Janus (DeepSeek) and Show-o split understanding and generation into separate heads on a shared backbone; Lance is more tightly unified — one set of generation+understanding heads with explicit task tokens. Emu3 (BAAI) tokenizes everything as discrete tokens including pixels, which gives it cleaner autoregressive generation but lower quality at fixed compute. Lance's pitch is the four-task coverage in 3B active params plus its Wan-derived VAE which handles video natively (Janus and Show-o are image-only).
Apache 2.0 — both the weights (huggingface.co/bytedance-research/Lance) and the GitHub repo (github.com/bytedance/Lance). No territorial restrictions, no MAU cap, no non-commercial rider, no research-only clause. Outputs are yours to use commercially with no royalties or attribution requirements beyond the standard Apache 2.0 license text.
40 GB minimum per ByteDance's README. The 3B active params are deceptive — the full Qwen2 LLM + Wan VAE + Qwen2.5-VL ViT all sit in memory together. To self-host you'd need a single A100 80 GB, A6000 48 GB, or an H100/H200 with at least 40 GB free. We run it on our H200 (141 GB total) but it still evicts the rest of the loaded models per call because it's the heaviest single-shot on the box.

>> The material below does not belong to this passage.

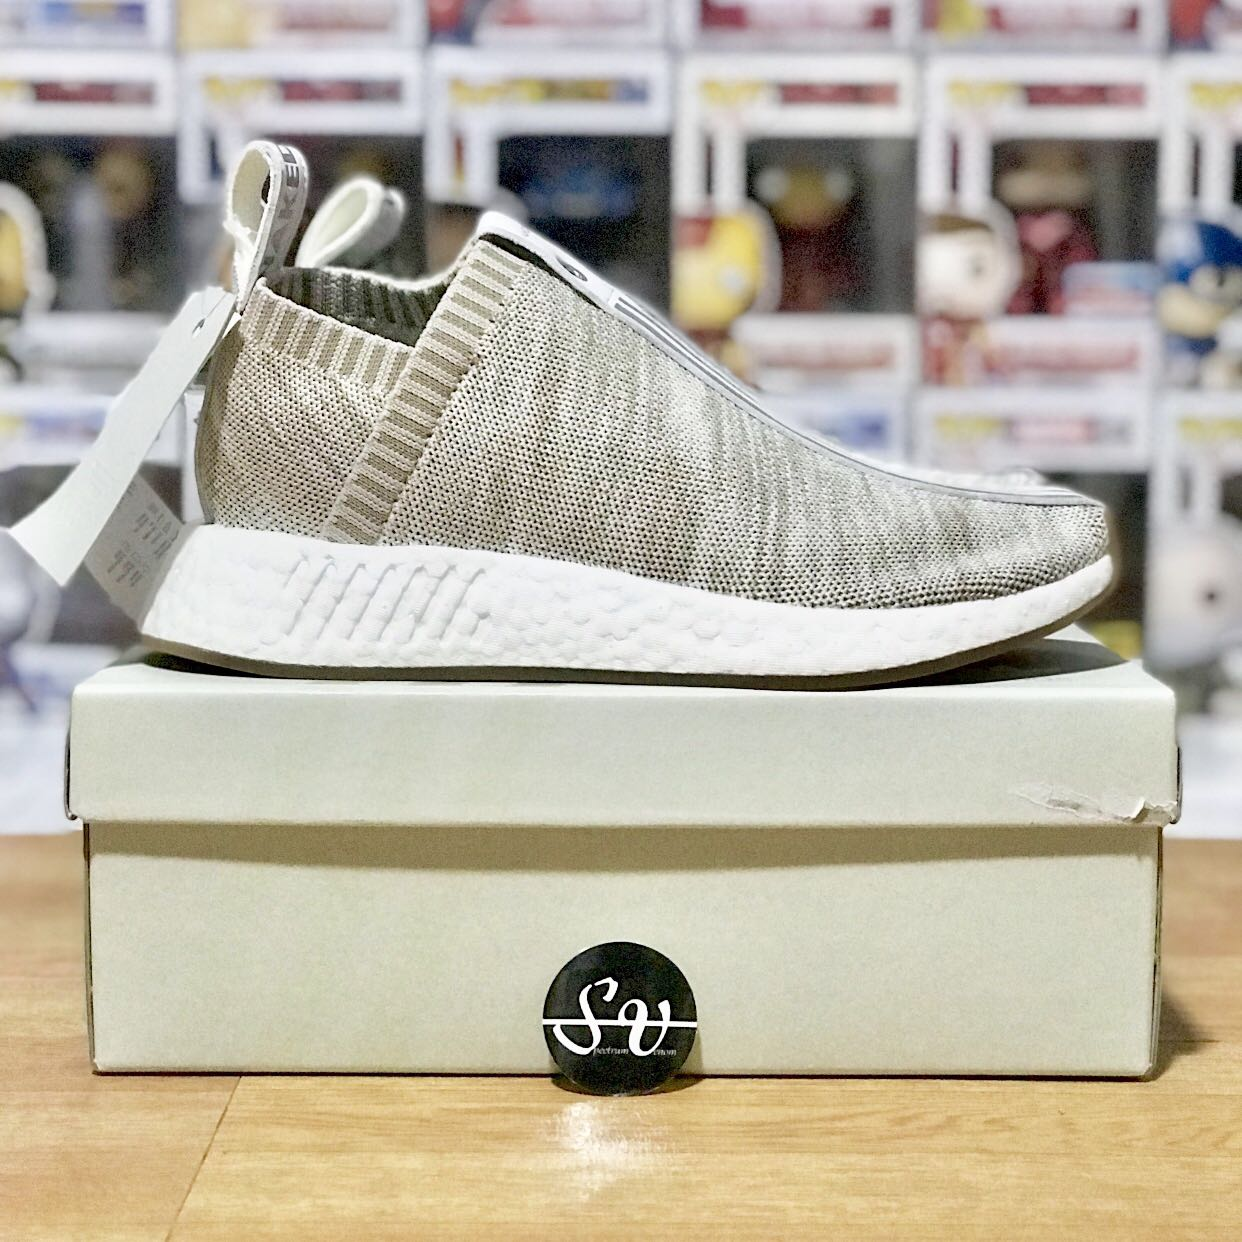 256f12258 SALE  Adidas Originals x Naked x Kith NMD Chukka City Sock CS2 ...

Yes — POST JSON or multipart to /v1/multimodal/lance/ on api.free.ai with {task: "t2i" | "image_edit" | "t2v" | "vqa", prompt: "...", image: <upload> or image_url: "/static/outputs/..."}. Bearer auth via developer API keys. Response includes job_id, output URL, and share_token. /api/ has curl examples per task.
We mark Lance experimental because cold-load latency means it's not a great fit for high-volume traffic — every call evicts the warm fleet and reloads. We may add a "warm Lance" tier later if usage justifies dedicating a slot, or we may add a second H200 specifically for unified models. For now it's available on the same token economy as the rest of Free.ai's self-hosted models with no surcharge, just the higher per-call token cost reflecting the wall-clock GPU time.
Uploaded images for image-edit and VQA are deleted immediately after the task completes. Generated outputs sit on our CDN for 24 hours (7 days for paid users) so you can re-download from /account/?tab=history. Nothing is shared with ByteDance — the weights run locally on our hardware. Full details at /privacy/.